Я был единственный из шлиссельбуржцев, оставшихся в Петербурге, и потому все внимание интеллигентного общества обрушилось на меня. Целый месяц или более я ни разу не обедал и не ужинал дома, а всегда у новопоявившихся друзей, и каждый обед или ужин оказывался «званым», т. е. на него приглашалось человек до двадцати знакомых хозяина и хозяйки, которые, в свою очередь, зазывали меня к себе на такие же фестивали. Это были большею частью известные адвокаты, писатели, художники, доктора, профессора разных специальностей, артисты и артистки.
Все комнаты их квартир казались мне, привыкшему к тесноте своей камеры, громадными и роскошными по обстановке, все молодые женщины казались с непривычки восхитительными красавицами.
Интересуясь прежде всего своим делом, я познакомился тотчас же с академиком-химиком Бекетовым, который обещал мне просмотреть мои работы по химии, но только не сейчас, и я оставил у него свою рукопись «Периодические системы строения вещества».
Я познакомился затем с Менделеевым, которому изложил свой вывод, что открытый недавно аргон есть член ряда нейтральных самостоятельных газов, укладывающихся в восьмой группе его системы, что атомы металлов и металлоидов должны быть сложны и построены по образцу гомологических рядов органической химии, показывал ему свои теоретические формулы их образования из протогелия, протоводорода, небулия и электронов. Они были потом напечатаны в моих последующих работах по химии, но Менделеев, относившийся ко мне с не меньшим вниманием, как и все остальные люди, все же огорчил меня, уверяя, что если моя теория и объясняет химические свойства атомов, «то все же нет в природе такой силы, которая могла бы их разложить».
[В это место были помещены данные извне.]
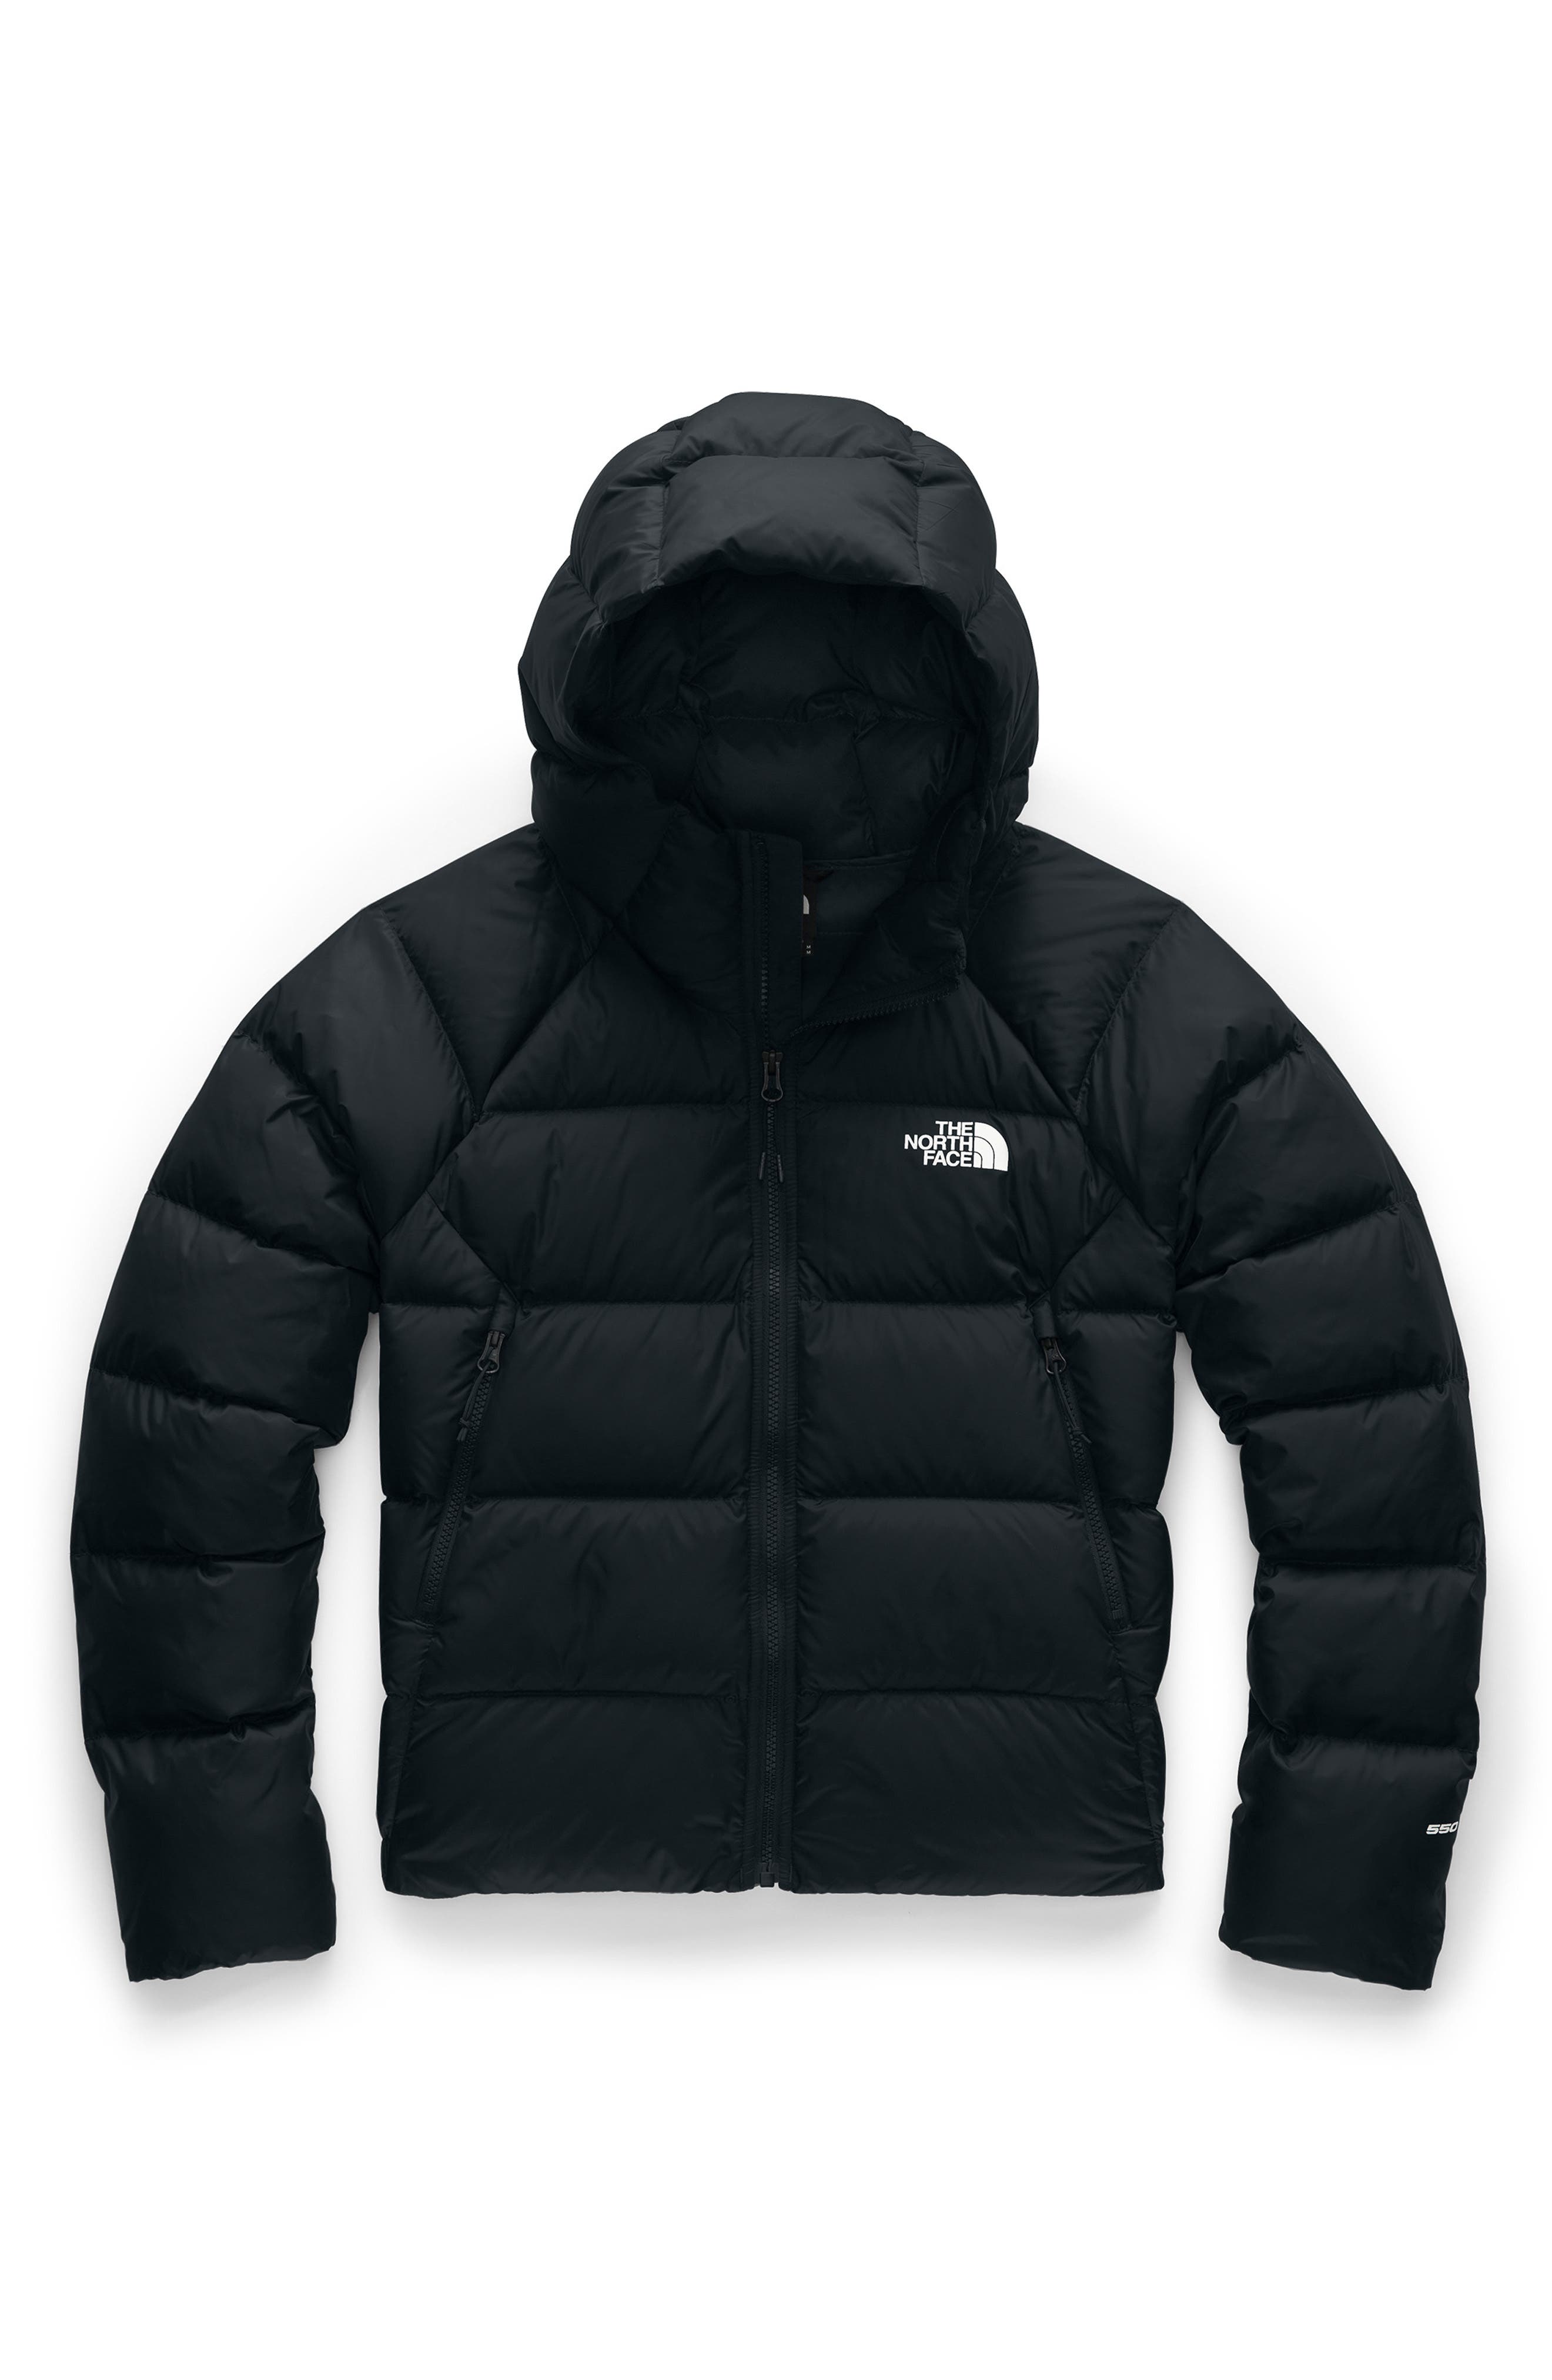 the north face jacket 550

Я позабыл в этой феерии все предписания доктора Брауна, бегал высоко по лестницам, пил и ел все, что мне давали на ежедневных фестивалях, в том числе и чай, и кофе, и вино. По вечерам я принимал предписанные мне лекарства, но как-то раз, недели через две, ночуя не дома, не мог этого исполнить и вдруг увидел, что желудок мой действует и без белладонны с ревенем, а сердце бьется и без строфана. Сильное возбуждение и свобода подействовали на меня, как лучшие лекарства, и я перестал что-либо принимать из аптеки.
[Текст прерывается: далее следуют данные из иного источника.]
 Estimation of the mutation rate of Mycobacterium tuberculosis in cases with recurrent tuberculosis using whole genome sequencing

Все это время я каждое утро должен был бегать в градоначальство обменивать свой однодневный вид на жительство на новый такой же, и это сильно меня стесняло, хотя мне и выдавали его тотчас же без возражений. Когда узнал об этом тогдашний знаменитый адвокат Оскар Осипович Грузенберг, тоже звавший меня к себе обедать или ужинать чуть не каждый день, он тотчас же дал мне подписать составленную им бумагу, в которой я уполномочивал его «вести все мои дела». Запасшись этим документом, он побежал в сенат, вытребовал на просмотр все дело о шлиссельбуржцах и, в частности, мое и, убедившись, что система однодневных видов на жительство ничем не оправдывается, вручил мне в конце декабря документ, подписанный частным приставом моего участка, в котором значилось: «Предъявитель сего Николай Александрович Морозов имеет право проживать в пределах Российской империи три месяца, в продолжение которых обязан приписаться к какому-либо сословию и исходатайствовать себе постоянный вид на жительство».
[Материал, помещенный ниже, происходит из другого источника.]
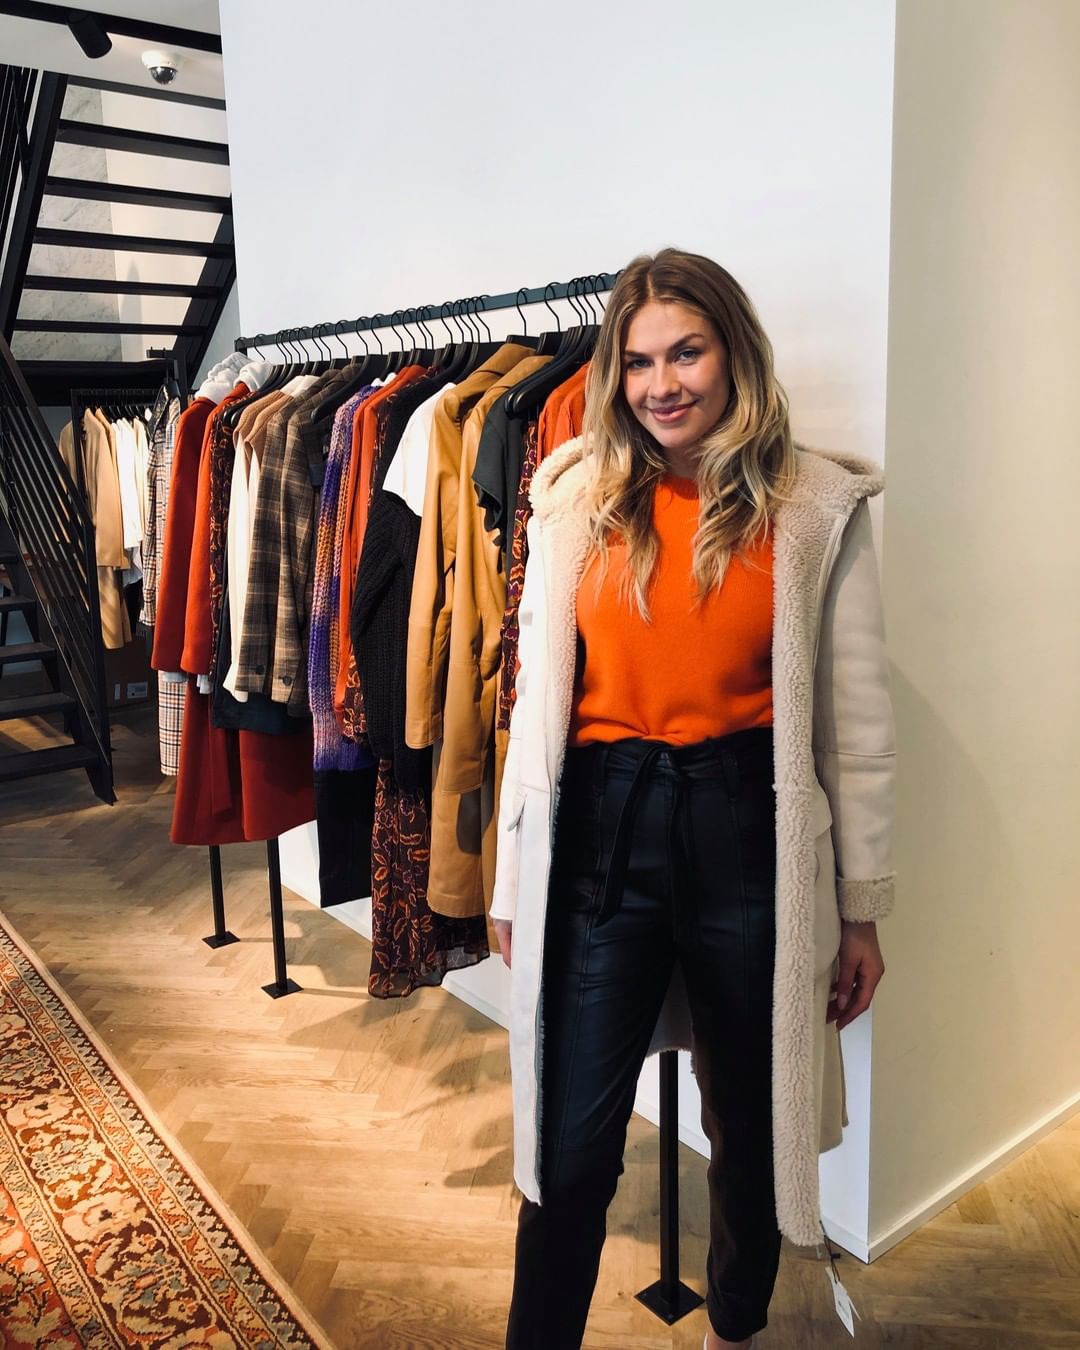 SET by Maya Junger - Last week Team SET hosted an exclusive preview of our new Portobello Road collection in our Berlin-Mitte store. We were so happy to reunite with our friends of SET after such a lo...

Я горячо поблагодарил Оскара Осиповича и поехал немедленно вместе с Верочкой сначала в Ярославскую губернию, в Борóк, повидать свою мать и брата, а потом в Мологу повидать сестер. Меня немедленно познакомили с мещанским старостой этого города, который тоже вместе со своими «именитыми мологскими гражданами» прибежал на меня посмотреть. Когда я показал ему документ частного пристава, обязывающий меня в продолжение трех месяцев приписаться к какому-нибудь сословию, он почти вырвал его из моих рук, говоря, что на следующем же собрании он его представит в мещанском обществе и уверен, что все будут считать за честь принять меня в свою среду.
Так все и вышло. Не прошло и недели, как он с торжеством принес мне бессрочный мещанский паспорт на проживание по всей империи.
Так я сразу стал мещанином города Мологи. Имущественные права мне были возвращены, но я был лишен избирательных прав[113]
и оставался без них вплоть до Октябрьской революции, которая сделала меня полноправным гражданином.Прожив около месяца в деревне, я спешно возвратился в Петербург, где начал печатать свои книги, стихотворения и статьи. Редакторы тогдашних либеральных и радикальных журналов и газет наперерыв приглашали меня сотрудничать у себя, устроители публичных лекций и литературных вечеров спешили заручиться моим согласием прочесть у них что-нибудь.